Jean-François Rual, Alexei Vazquez, Ulrich Stelzl, Irma Lemmens, Tomoko Hirozane-Kishikawa, Tong Hao, Martina Zenkner, Xiaofeng Xin, Kwang-Il Goh, Muhammed A Yildirim, Nicolas Simonis, Kathrin Heinzmann, Fana Gebreab, Julie M Sahalie, Sebiha Cevik, Christophe Simon, Anne-Sophie de Smet, Elizabeth Dann, Alex Smolyar, Arunachalam Vinayagam, Haiyuan Yu, David Szeto, Heather Borick, Amélie Dricot, Niels Klitgord, Ryan R Murray, Chenwei Lin, Maciej Lalowski, Jan Timm, Kirstin Rau, Charles Boone, Pascal Braun, Michael E Cusick, Frederick P Roth, David E Hill, Jan Tavernier, Erich E Wanker, Albert-László Barabási, Marc Vidal
Affiliations
- PMID: 19060904
- PMCID: PMC2872561
- DOI: 10.1038/nmeth.1280
An empirical framework for binary interactome mapping
Kavitha Venkatesan et al. Nat Methods. 2009 Jan.
Abstract
Several attempts have been made to systematically map protein-protein interaction, or 'interactome', networks. However, it remains difficult to assess the quality and coverage of existing data sets. Here we describe a framework that uses an empirically-based approach to rigorously dissect quality parameters of currently available human interactome maps. Our results indicate that high-throughput yeast two-hybrid (HT-Y2H) interactions for human proteins are more precise than literature-curated interactions supported by a single publication, suggesting that HT-Y2H is suitable to map a significant portion of the human interactome. We estimate that the human interactome contains approximately 130,000 binary interactions, most of which remain to be mapped. Similar to estimates of DNA sequence data quality and genome size early in the Human Genome Project, estimates of protein interaction data quality and interactome size are crucial to establish the magnitude of the task of comprehensive human interactome mapping and to elucidate a path toward this goal.
Figures
Figure 1. Conceptual framework for interactome mapping
The concepts of “screening completeness” (fraction of all pair-wise protein combinations tested), “assay sensitivity” (fraction of all biophysical interactions identifiable by a given assay), “sampling sensitivity” (fraction of all identifiable interactions that are detected in a single trial) and “precision” (fraction of pairs reported by a given assay that are true positives) can be estimated independently and combined to empirically estimate the size of binary interactomes. PRS: the set of positive reference set interactions; RRS: the random reference set. Solid black lines in a given network graph represent true biophysical interactions present in that network, dashed lines represent true biophysical interactions missing in that network, and solid colored lines represent biophysical artifactual pairs present in that network.

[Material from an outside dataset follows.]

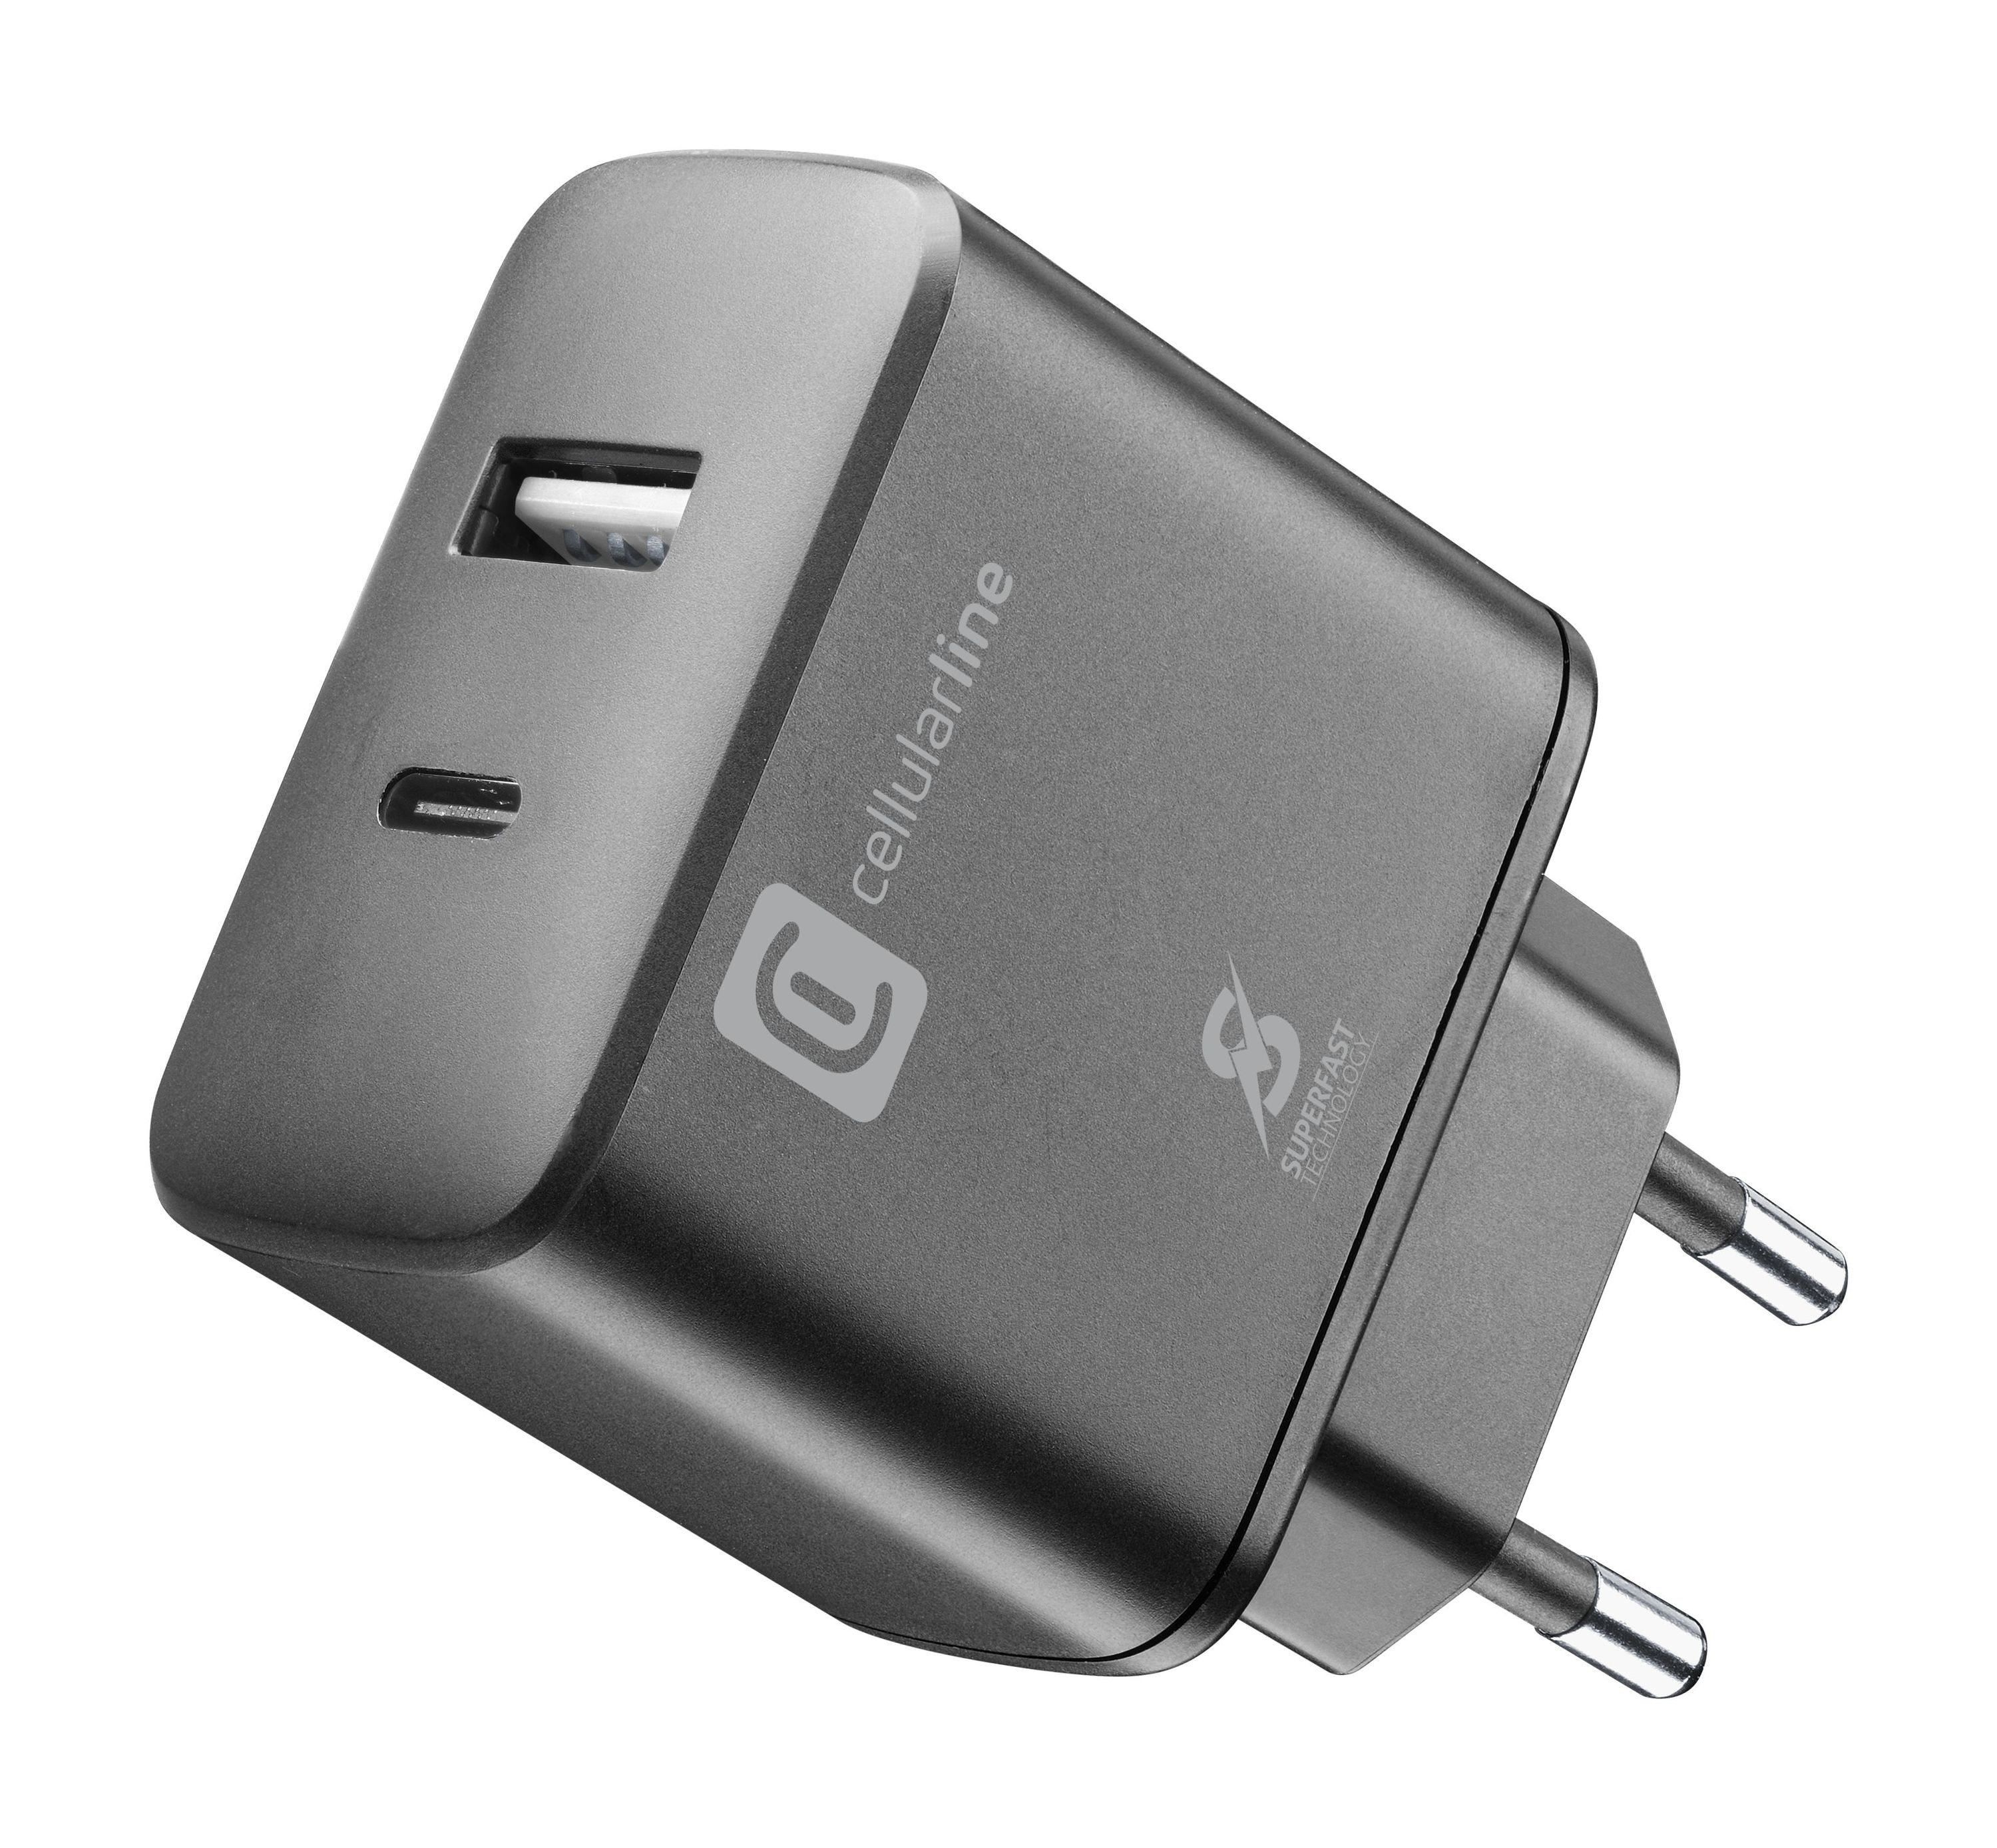 Samsung 15w Super Fast Wireless Charger With Travel Adapter - Gray : Target

Figure 2. Assay sensitivity and background positive rate of binary interactome mapping assays
(a) How positive reference set interactions were chosen from among the interactions available in the curated literature of low-throughput experimentally derived interactions (LC). (b) How random reference set pairs were chosen from among the possible pairs in our human ORFeome v1.1 clone collection. (c) Distribution of cellular location of proteins making up the positive and random reference sets. (d) Assay sensitivity (fraction of hsPRS-v1 pairs scoring positive) and background positive rate (fraction of hsRRS-v1 pairs scoring positive) of the Y2H-CCSB assay based on varying experimental and scoring conditions, including the use of an alternate protocol (Supplementary Methods). We did not use the results of testing the hsRRS-v1 pairs here to estimate the false discovery rate of the Y2H-CCSB assay due to limited sample size. (e) Assay sensitivity and background positive rate of the MAPPIT assay upon varying experiment-to-control-ratio (ECR) scores (Supplementary Methods). (f) Upper panel: assay sensitivity and background positive rate of Y2H-CCSB and MAPPIT under the specific experimental conditions used (Supplementary Methods). For Y2H-CCSB, the fraction of hsPRS-v1 pairs scoring positive in at least one configuration and in both pair-wise mating experiments is depicted. This condition reflects the assay sensitivity of the specific experimental and scoring conditions of Y2H-CCSB used to generate CCSB-HI1. Lower panel: Venn diagram of hsPRS-v1 pairs scoring positive in the two assays. (g) Results of testing each hsPRS-v1 pair and each hsRRS-v1 pair using Y2H-CCSB and MAPPIT. Blue or yellow shaded squares represent protein pairs scored positive by a given assay.
Figure 2. Assay sensitivity and background positive rate of binary interactome mapping assays
(a) How positive reference set interactions were chosen from among the interactions available in the curated literature of low-throughput experimentally derived interactions (LC). (b) How random reference set pairs were chosen from among the possible pairs in our human ORFeome v1.1 clone collection. (c) Distribution of cellular location of proteins making up the positive and random reference sets. (d) Assay sensitivity (fraction of hsPRS-v1 pairs scoring positive) and background positive rate (fraction of hsRRS-v1 pairs scoring positive) of the Y2H-CCSB assay based on varying experimental and scoring conditions, including the use of an alternate protocol (Supplementary Methods). We did not use the results of testing the hsRRS-v1 pairs here to estimate the false discovery rate of the Y2H-CCSB assay due to limited sample size. (e) Assay sensitivity and background positive rate of the MAPPIT assay upon varying experiment-to-control-ratio (ECR) scores (Supplementary Methods). (f) Upper panel: assay sensitivity and background positive rate of Y2H-CCSB and MAPPIT under the specific experimental conditions used (Supplementary Methods). For Y2H-CCSB, the fraction of hsPRS-v1 pairs scoring positive in at least one configuration and in both pair-wise mating experiments is depicted. This condition reflects the assay sensitivity of the specific experimental and scoring conditions of Y2H-CCSB used to generate CCSB-HI1. Lower panel: Venn diagram of hsPRS-v1 pairs scoring positive in the two assays. (g) Results of testing each hsPRS-v1 pair and each hsRRS-v1 pair using Y2H-CCSB and MAPPIT. Blue or yellow shaded squares represent protein pairs scored positive by a given assay.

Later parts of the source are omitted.